Claire Cozens 

Dot.com ad spend takes a dive

The days when advertising agencies could turn away dot.com clients because they had more business than they knew what to do with appear to be over. Dot.com ad spends in July were 44% down on the previous month, according to figures released by the media agency, Carat.
  
  


The days when advertising agencies could turn away dot.com clients because they had more business than they knew what to do with appear to be over. Dot.com ad spends in July were 44% down on the previous month, according to figures released by the media agency, Carat.

This is the first time that the drop in investor confidence in e-commerce has begun to make itself felt in the advertising world. Until this summer advertising expenditure by dot.com companies had been rising rapidly. The amount spent on advertising campaigns by dot.coms increased from £7 million or 1% of total advertising spend in August 1999 to £70 million or 8.3% in May 2000.

But by July it was back down to £37 million and 5.8% of all advertising expenditure. The drop meant that by July advertisers had to spend less than half of what they used to spend to have the same impact. The highest-spending dot.com advertiser in July was BT, which spend £2.7 million, and advertisers spending just £350,000 a month made it into the top 20.

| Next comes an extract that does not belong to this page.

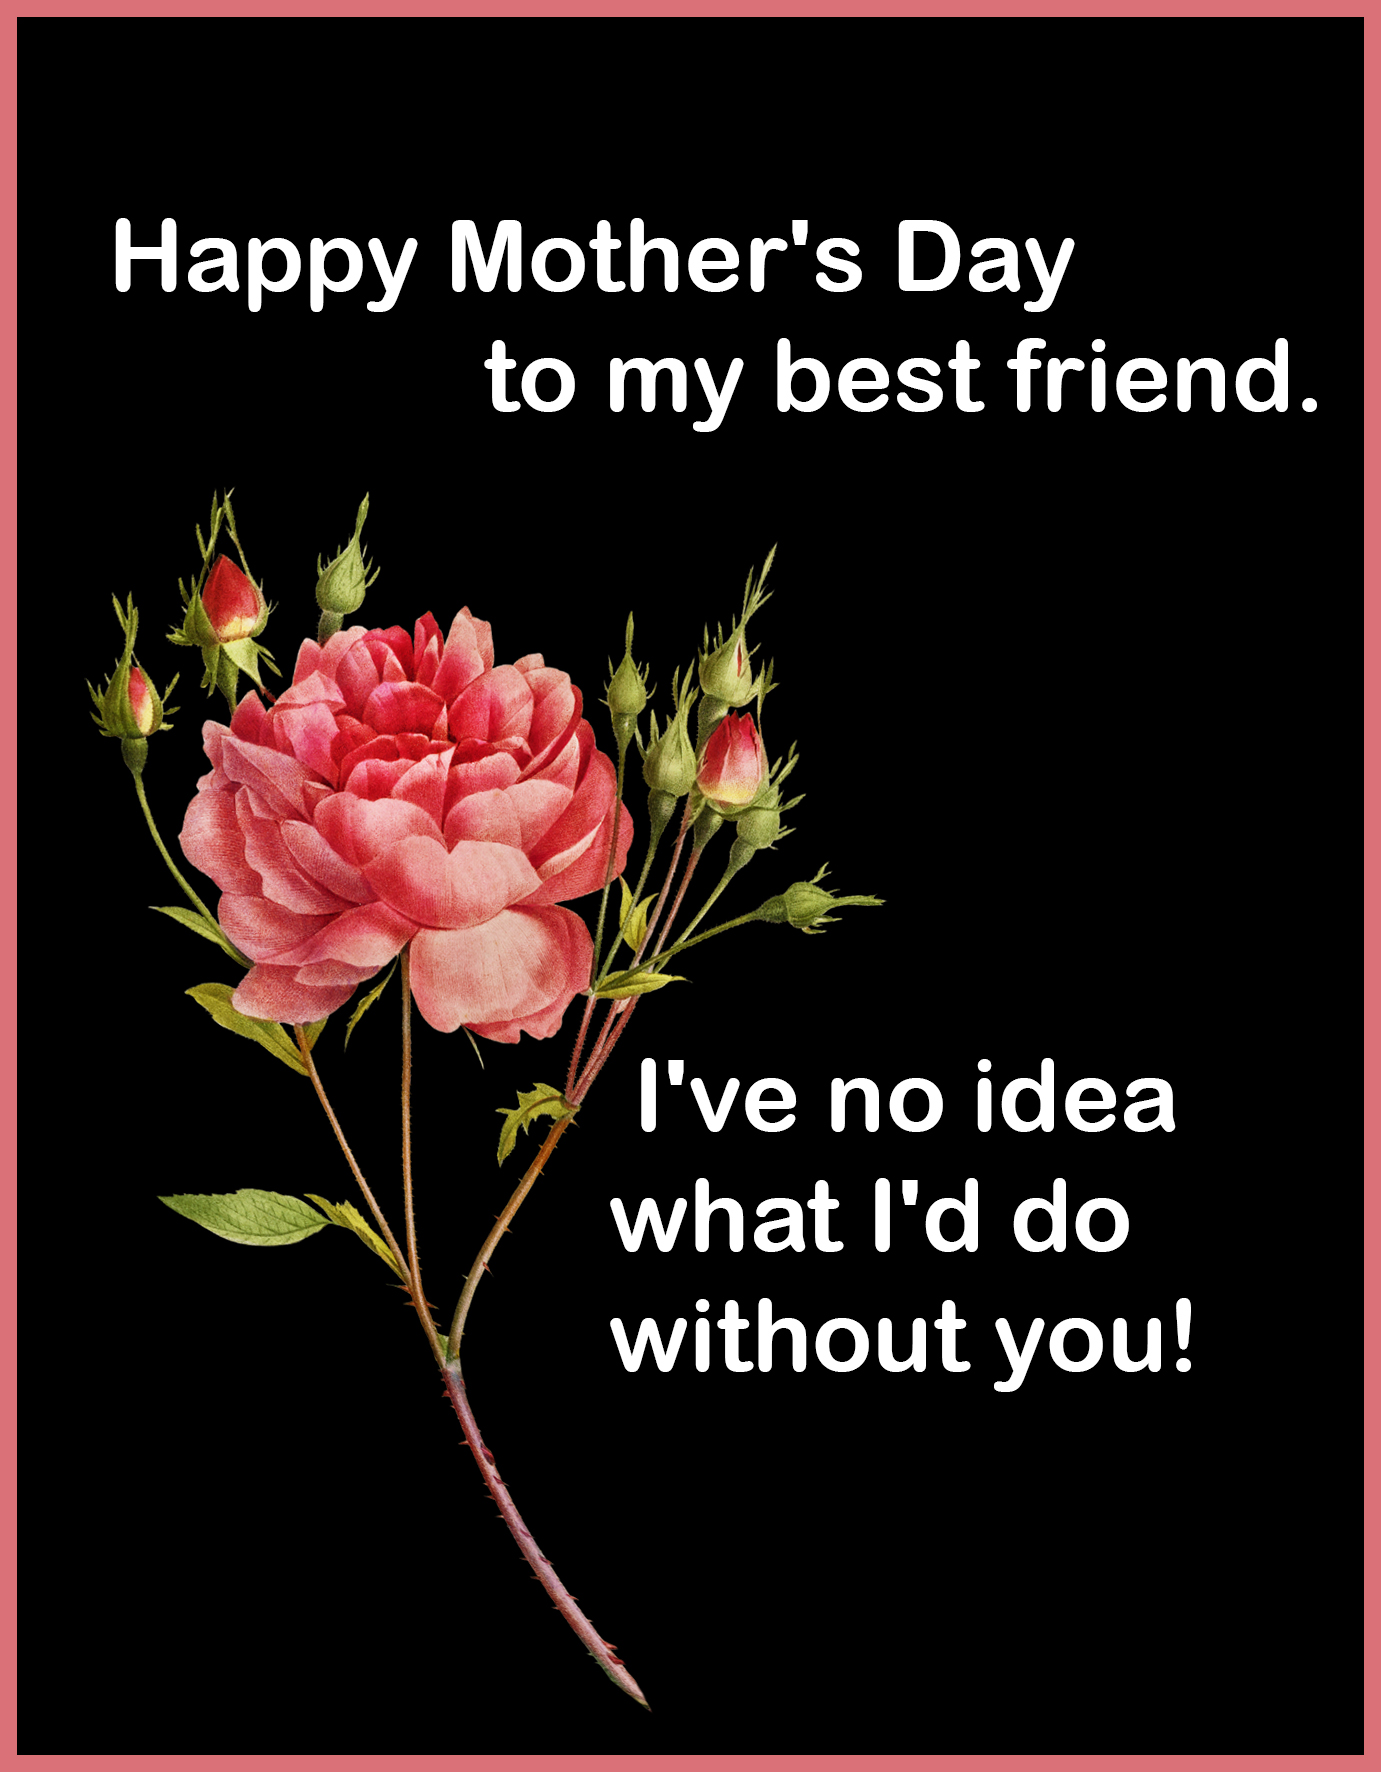 Happy Mother s Day My Friend Greetings

"There was a lot of business promised at the beginning of the year that simply hasn't delivered," said Guy Abrahams, strategic director at Carat. "The effects of the Wall Street judders this March and the subsequent fall in investor confidence have resulted in greater scrutiny of previously generous advertising budgets. I think we will see another drop for August, which is always a quiet month for advertisers, then things will start to pick up."

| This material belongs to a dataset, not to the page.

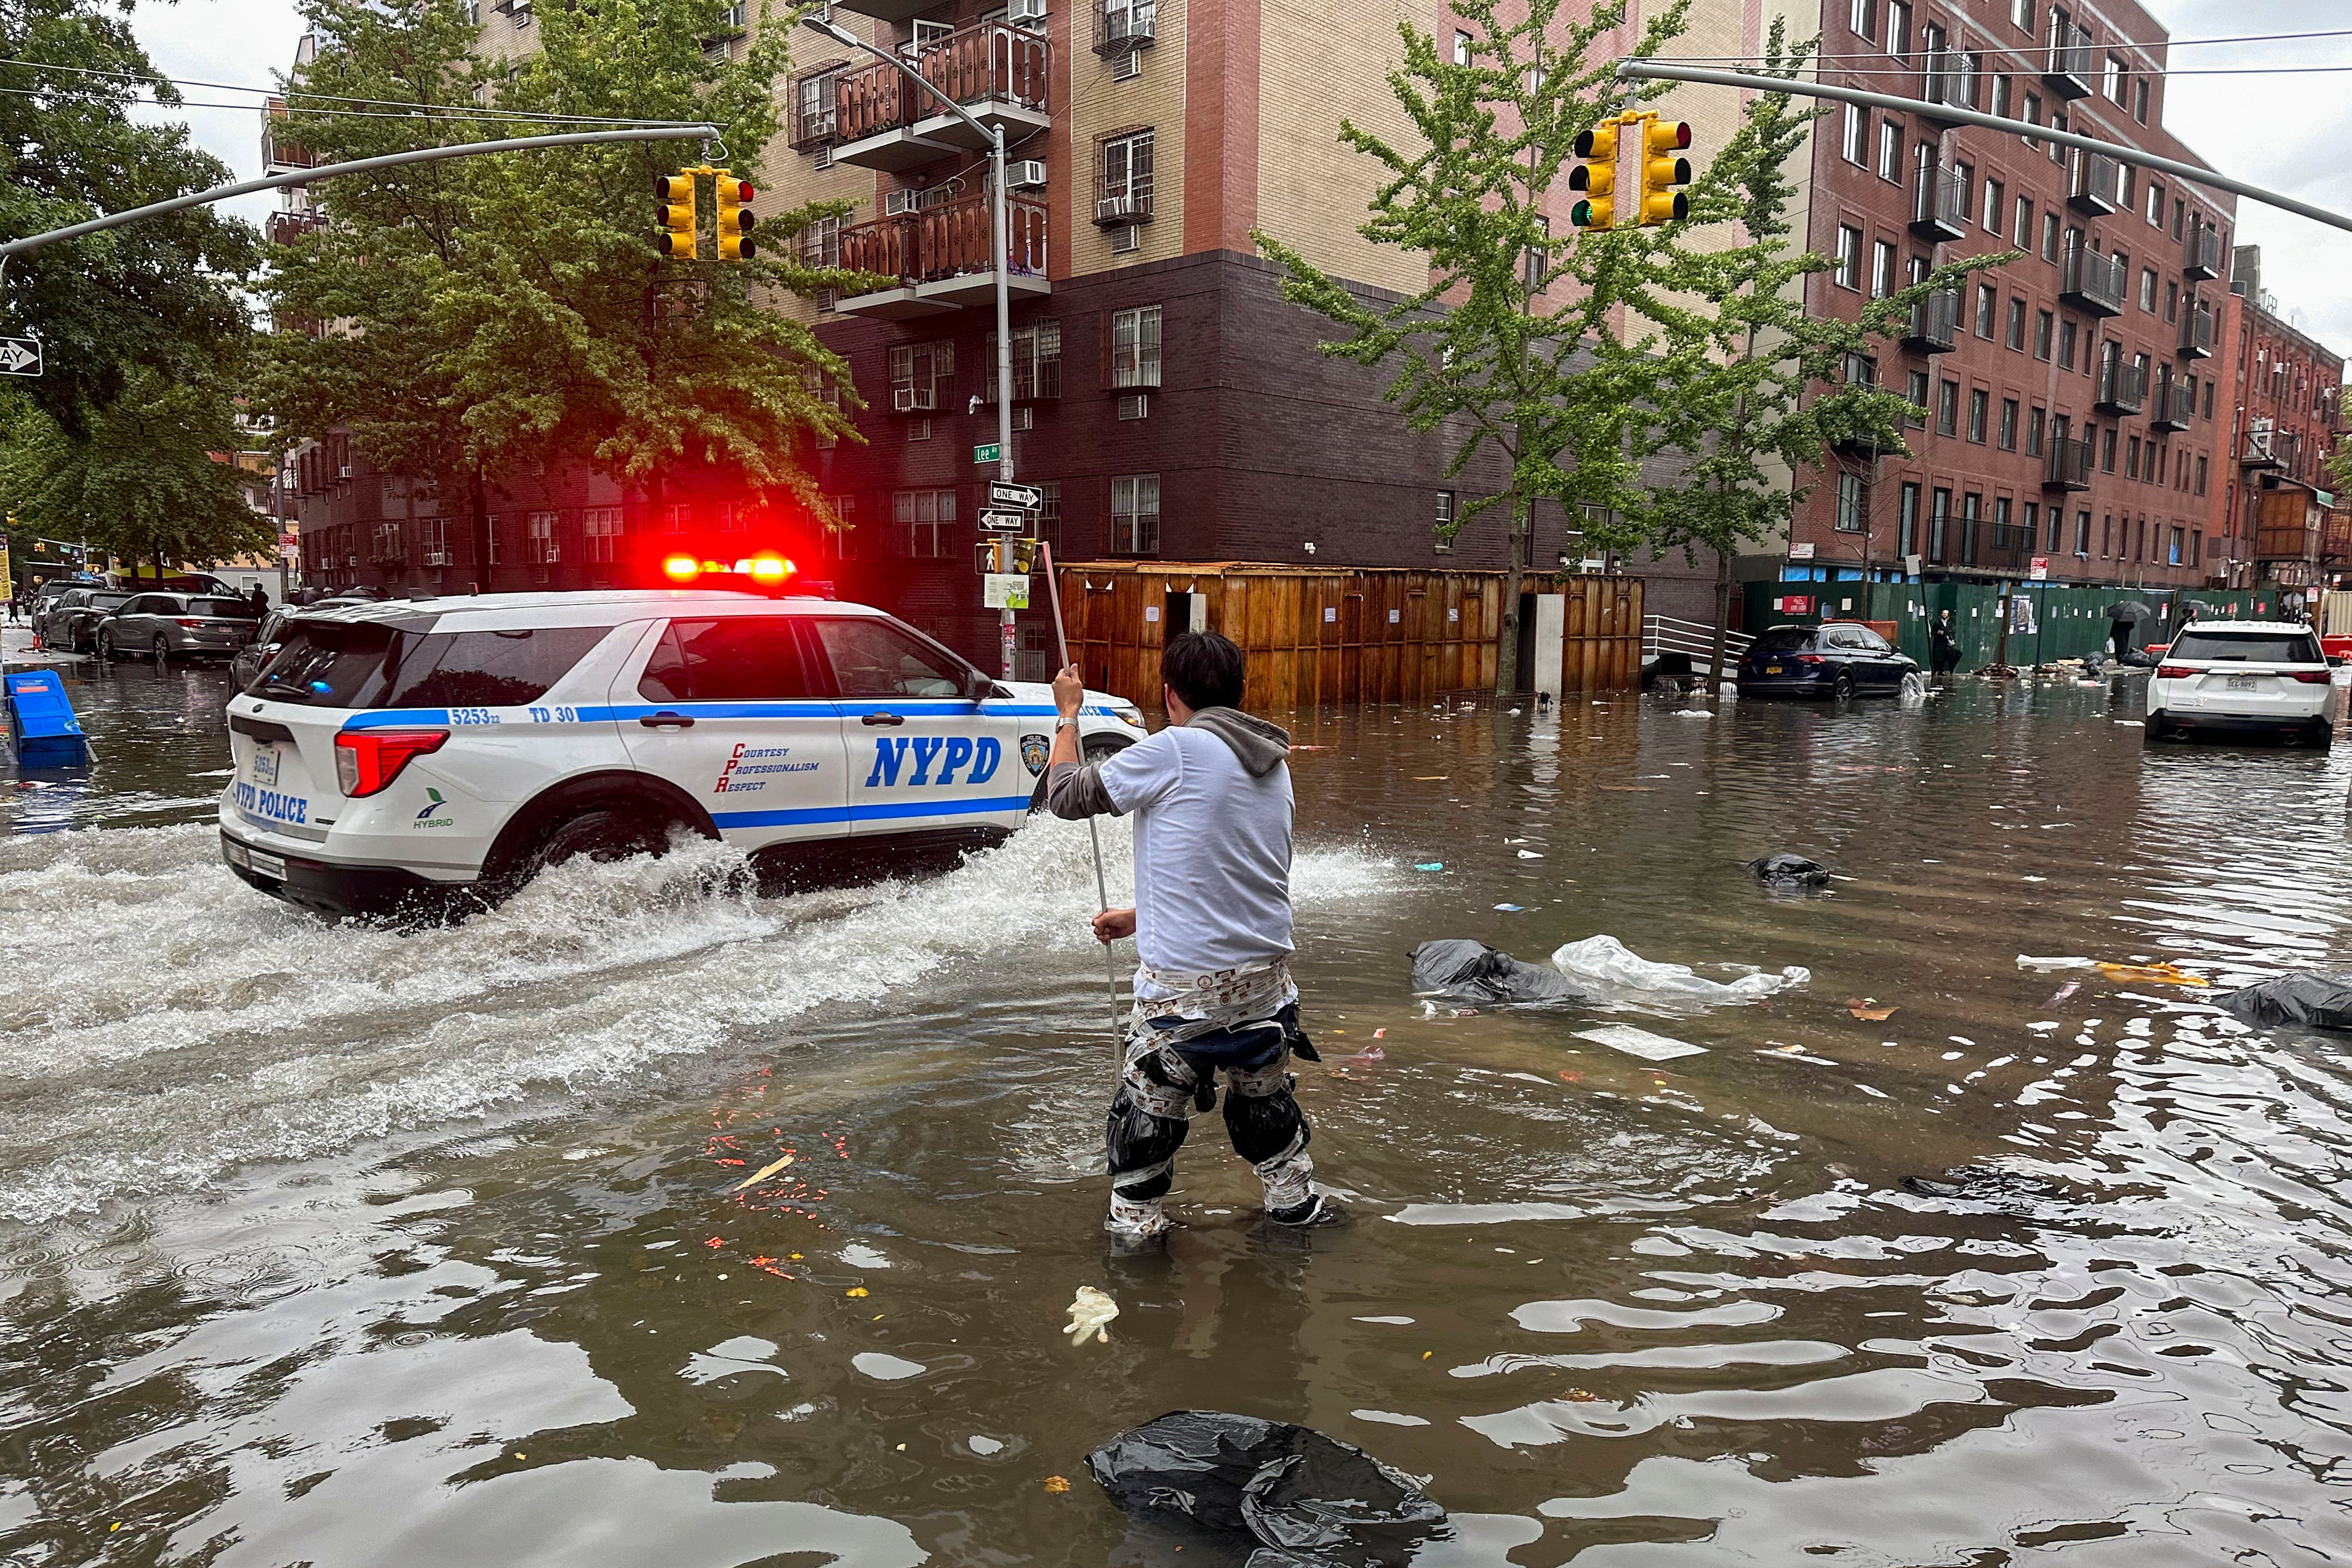 A man works to clear a drain in flood waters in Brooklyn on Friday. A potent rush-hour rainstorm swamped the New York metropolitan area

The falls were by no means uniform across all media. While July's outdoor spend fell by 71% month on month (confirming outdoor's reputation as the first to benefit from boom and the first to suffer bust), press only fell by 30%.

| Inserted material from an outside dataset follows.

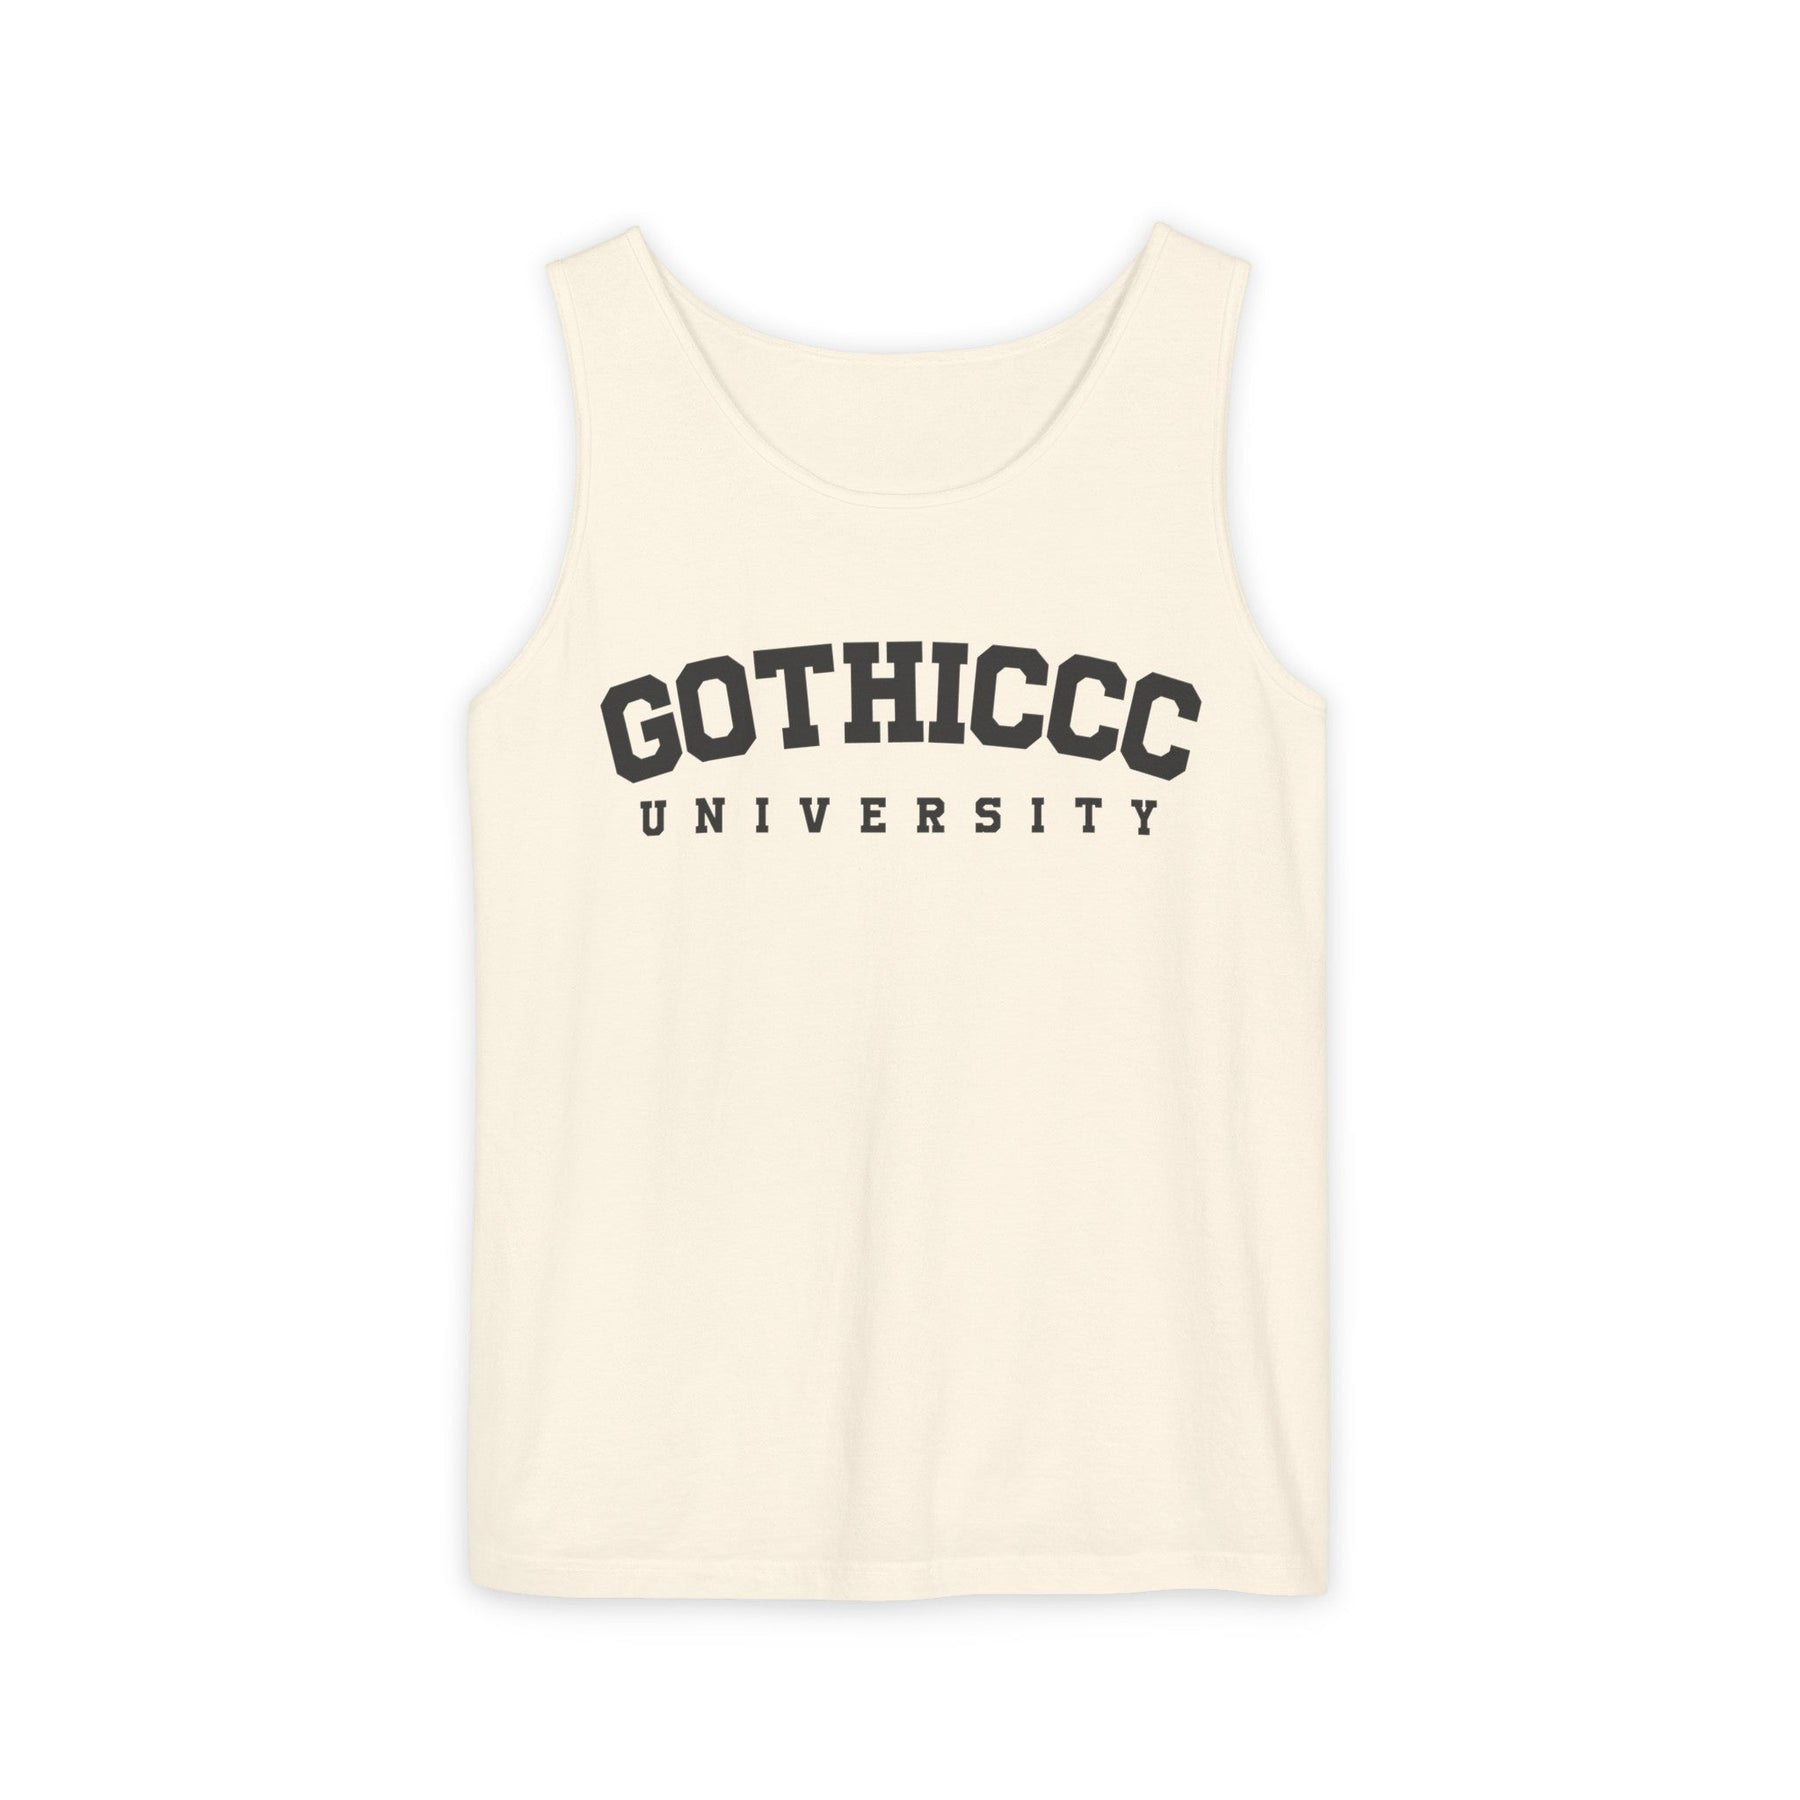 Gothiccc University Unisex Tank Top - Goth Cloth Co.Tank Top15960530876506822522

This is possibly a reflection of the increasingly tactical nature of the market. The good news for advertising agencies is that things will get better, although we are unlikely to see the mega-rises of earlier this year.

Abrahams predicts year-on-year increases in dot.com ad spends of between 50% and 100% in the months leading up to Christmas. This will be made up partly of successful foreign e-commerce advertisers and partly of established, so-called "clicks and mortar" companies, which operate both on the web and on the high street.

This will, he says, make it increasingly difficult to classify dot.com advertisers as we see companies such as Woolworth's or Virgin advertising their stores and websites at the same time.